**What is expected:** Pictures must not appear in the copy. Restate exactly the lines below from the one with "Prepared hummus in" through the one with "Discussion About Black", inclusive.

*** Opening Exercise input ***

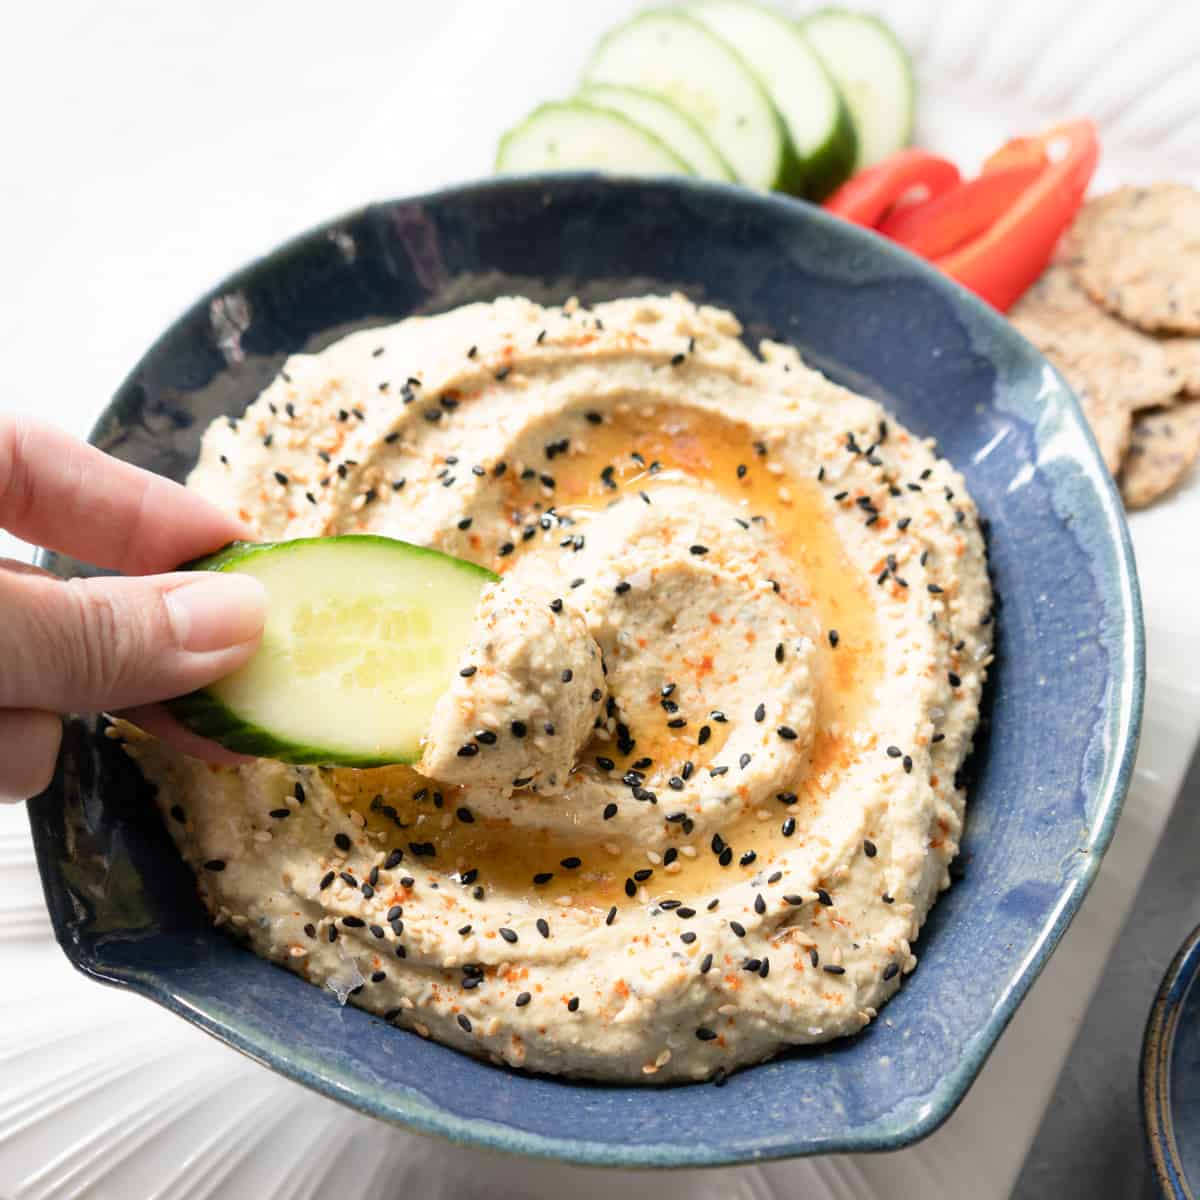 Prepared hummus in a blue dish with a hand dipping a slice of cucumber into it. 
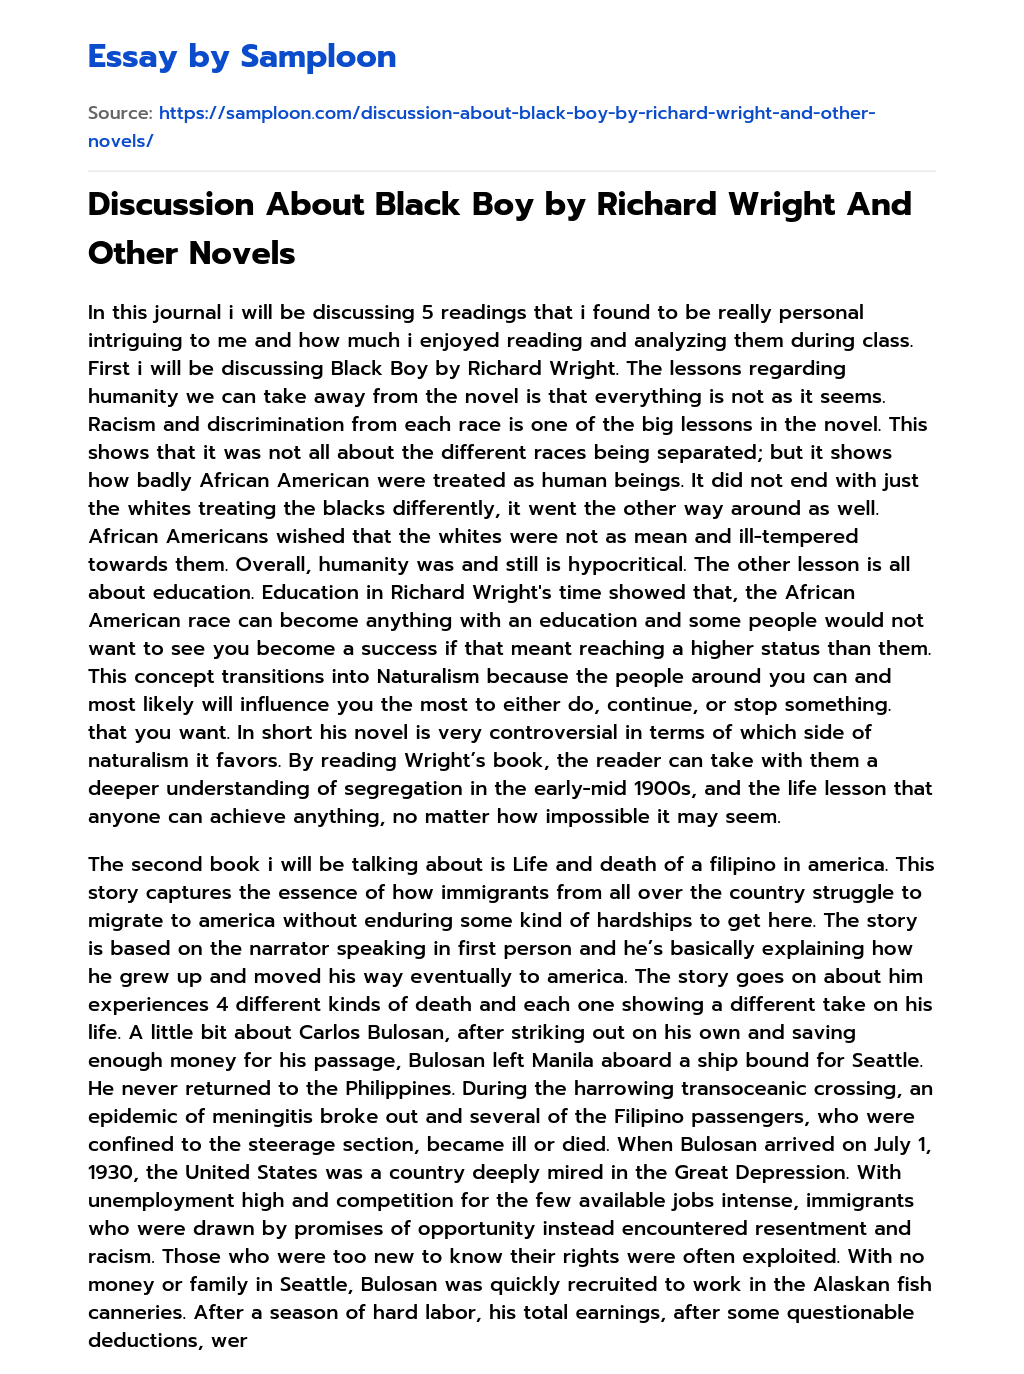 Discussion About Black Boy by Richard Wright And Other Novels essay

*** Closing Exercise input ***
*** Opening Exercise input ***

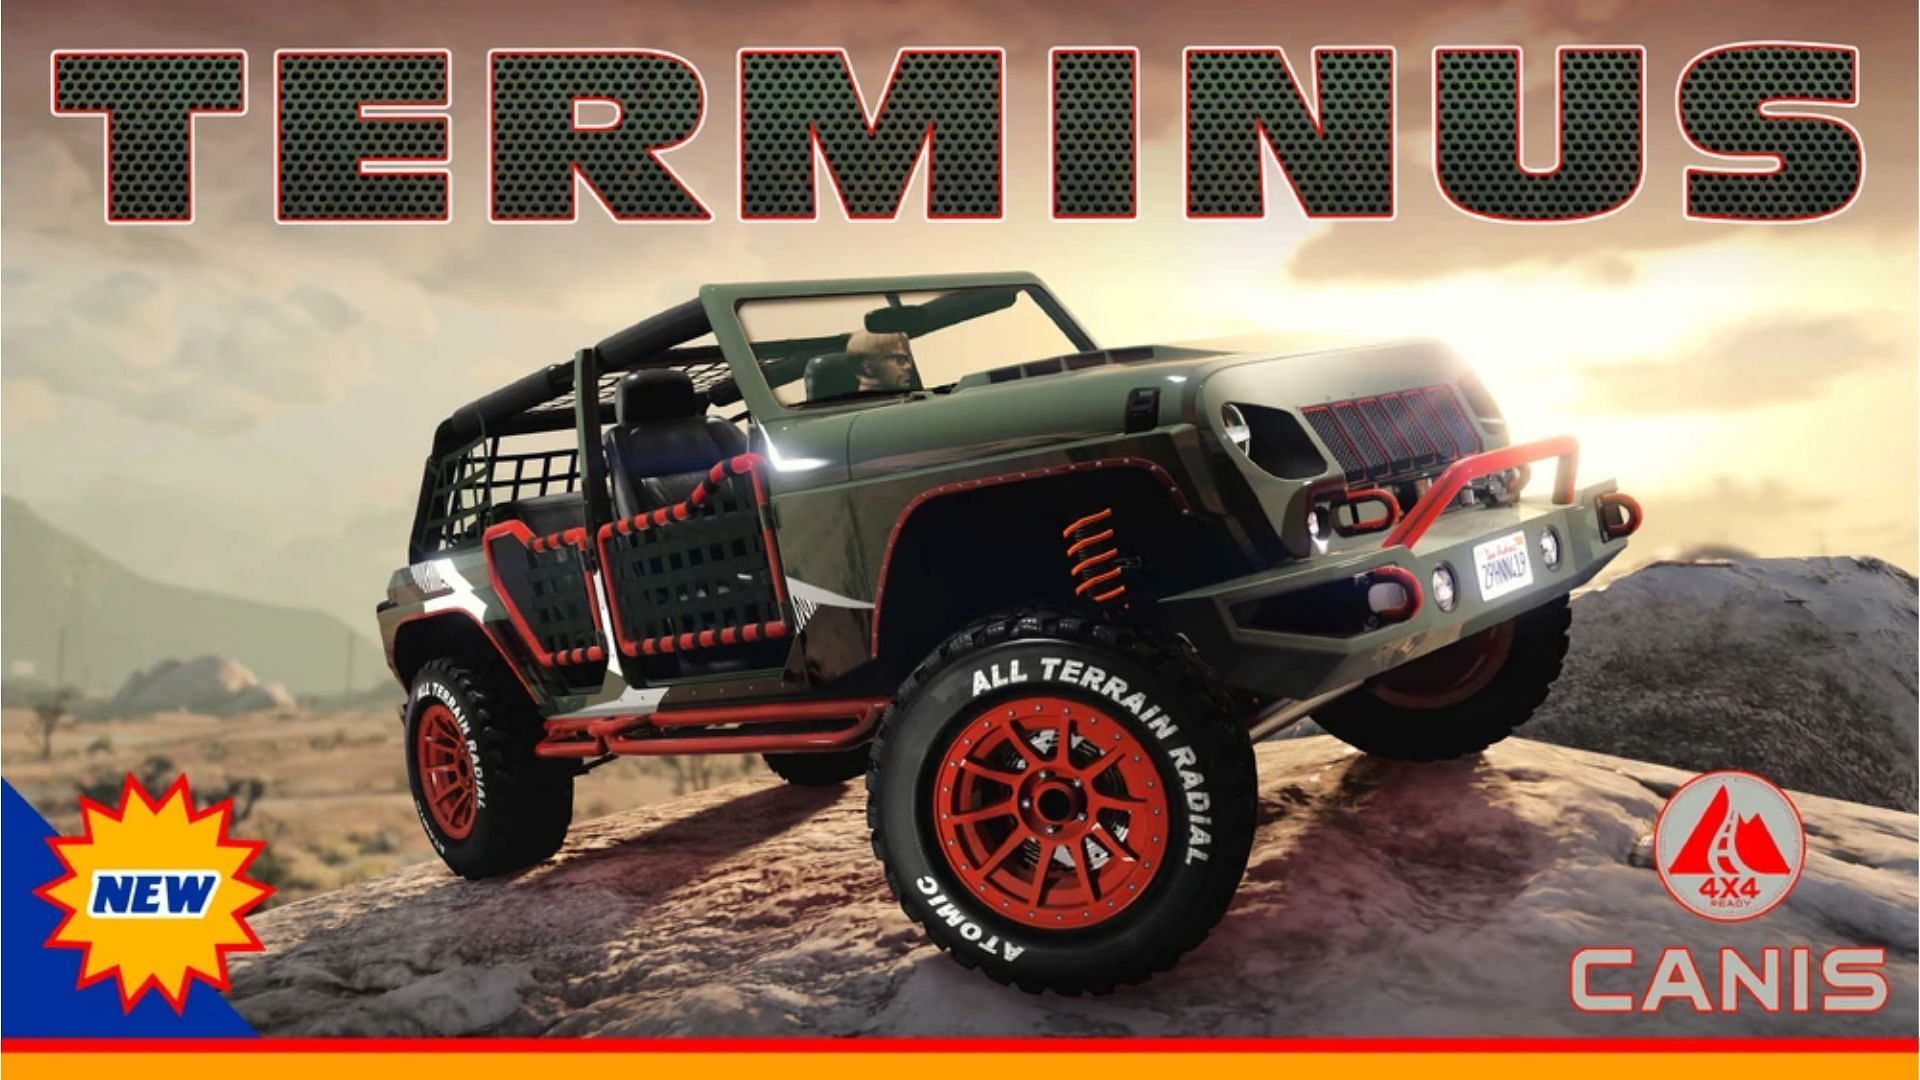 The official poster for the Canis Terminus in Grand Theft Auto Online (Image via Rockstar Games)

*** Closing Exercise input ***

**Finished exercise:**
 Prepared hummus in a blue dish with a hand dipping a slice of cucumber into it. 
 Discussion About Black Boy by Richard Wright And Other Novels essay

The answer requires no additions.